▸ EXERCISE GOAL:
Go through the data below and repeat it exactly, skipping each picture.

▸ SUPPLIED INFORMATION:
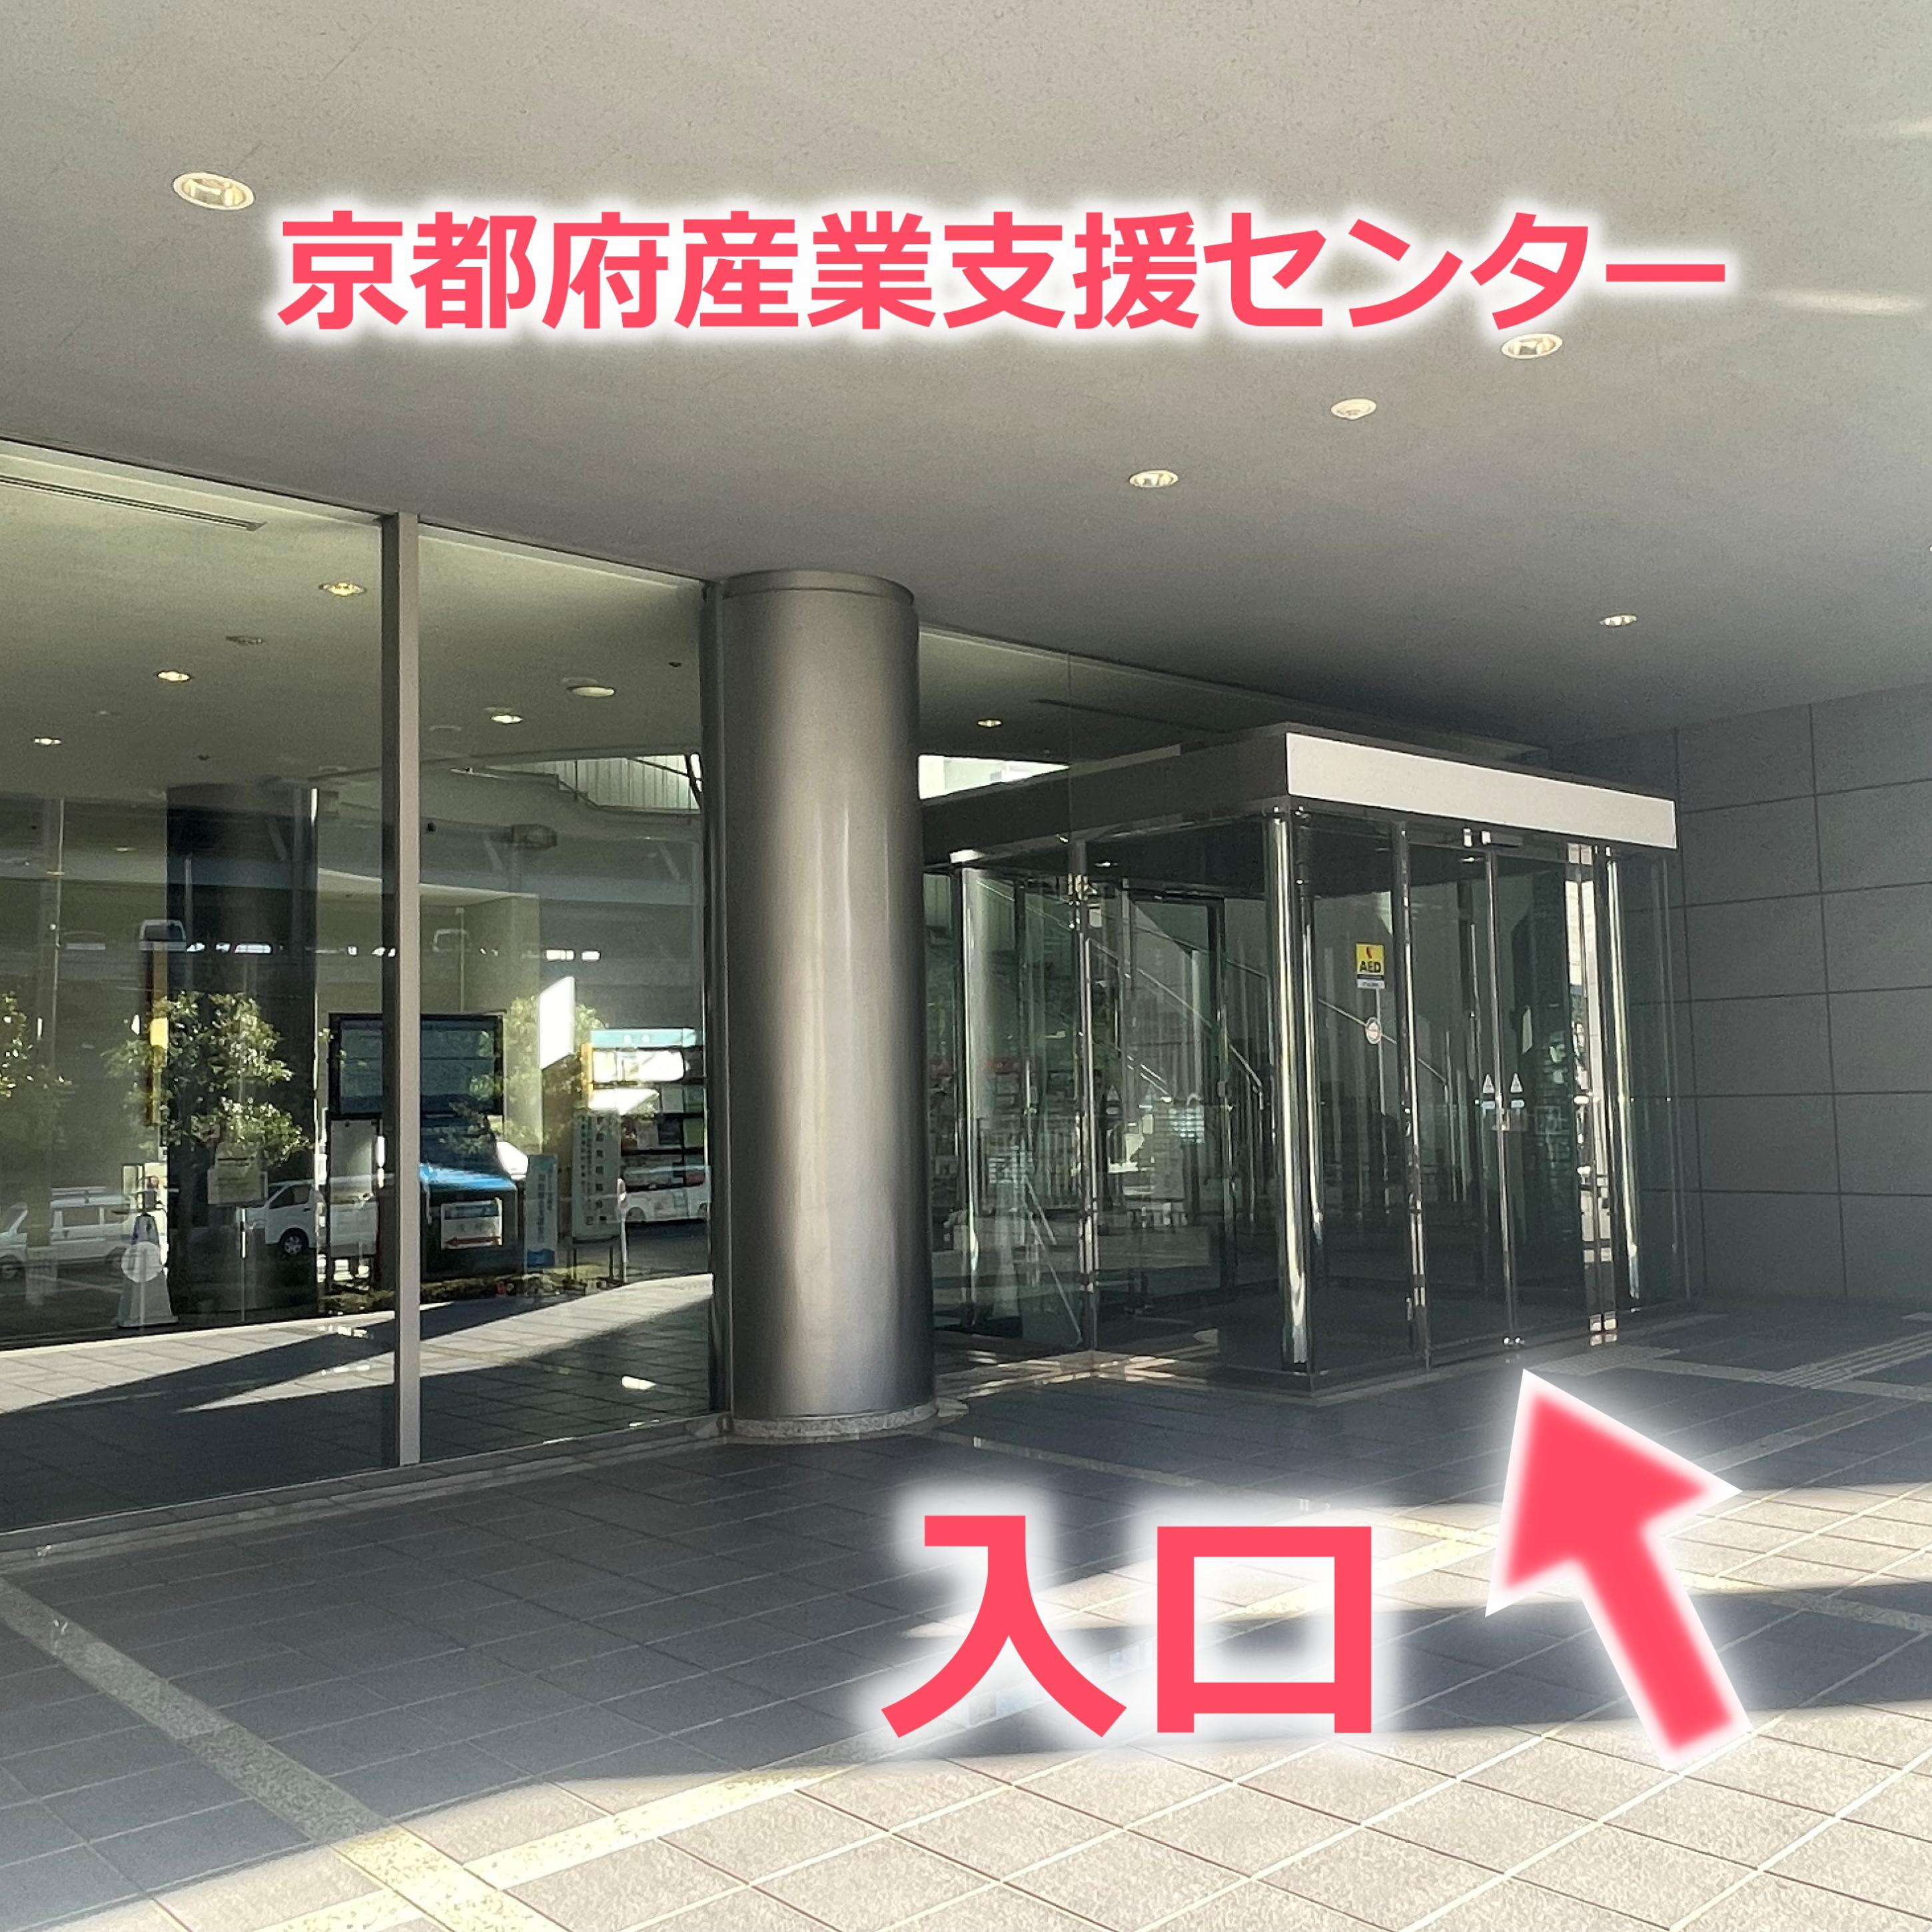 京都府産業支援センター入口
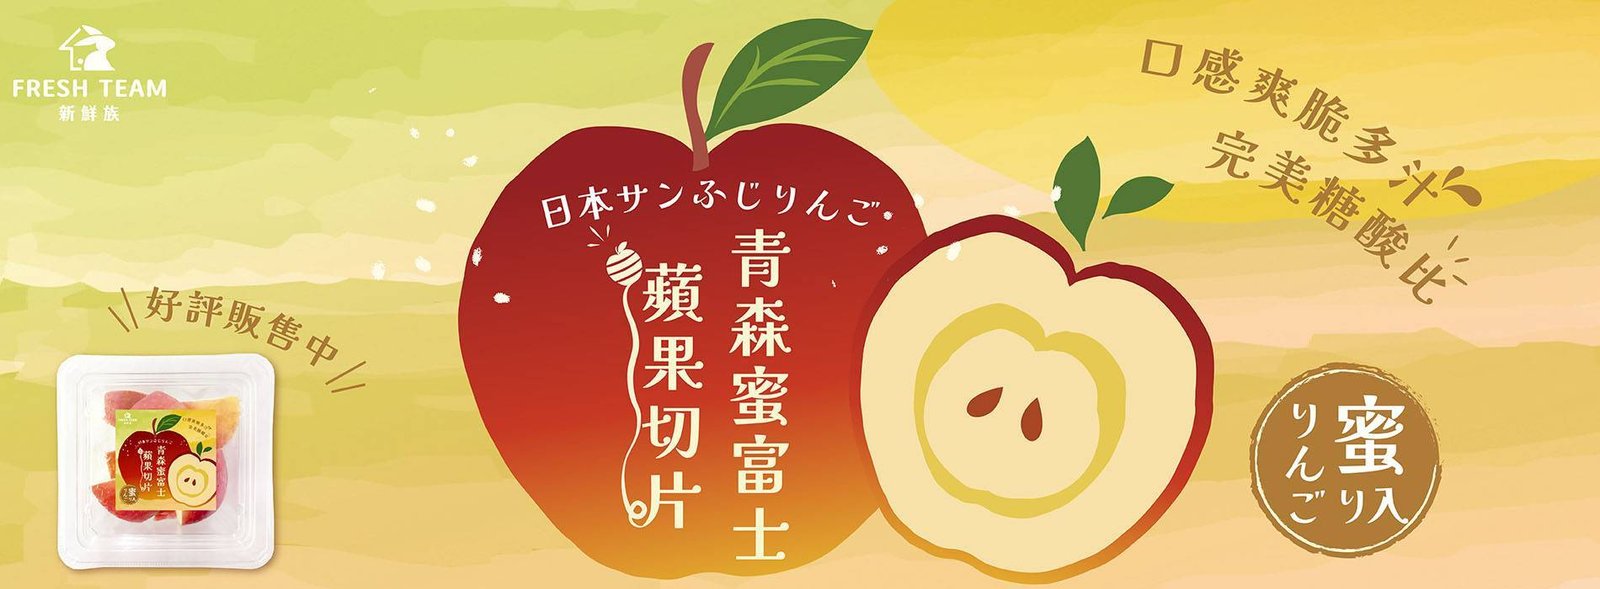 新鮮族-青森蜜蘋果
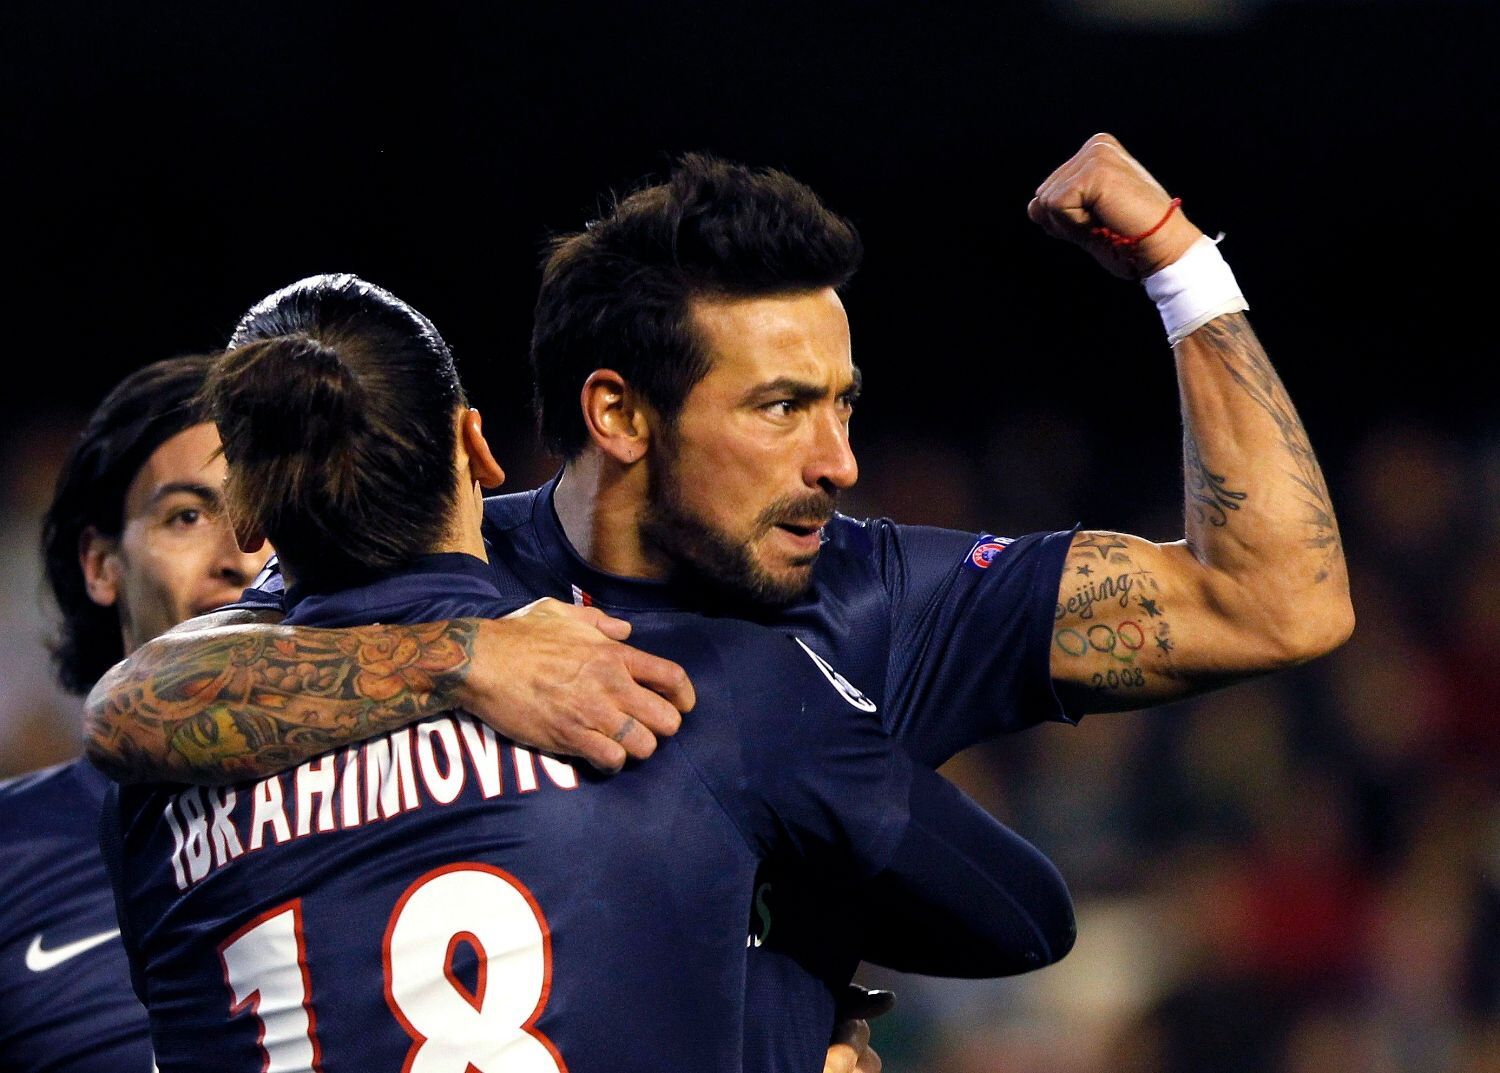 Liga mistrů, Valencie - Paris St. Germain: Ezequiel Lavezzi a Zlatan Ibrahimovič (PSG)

▸ PROBLEM SOLUTION:
 京都府産業支援センター入口
 新鮮族-青森蜜蘋果
 Liga mistrů, Valencie - Paris St. Germain: Ezequiel Lavezzi a Zlatan Ibrahimovič (PSG)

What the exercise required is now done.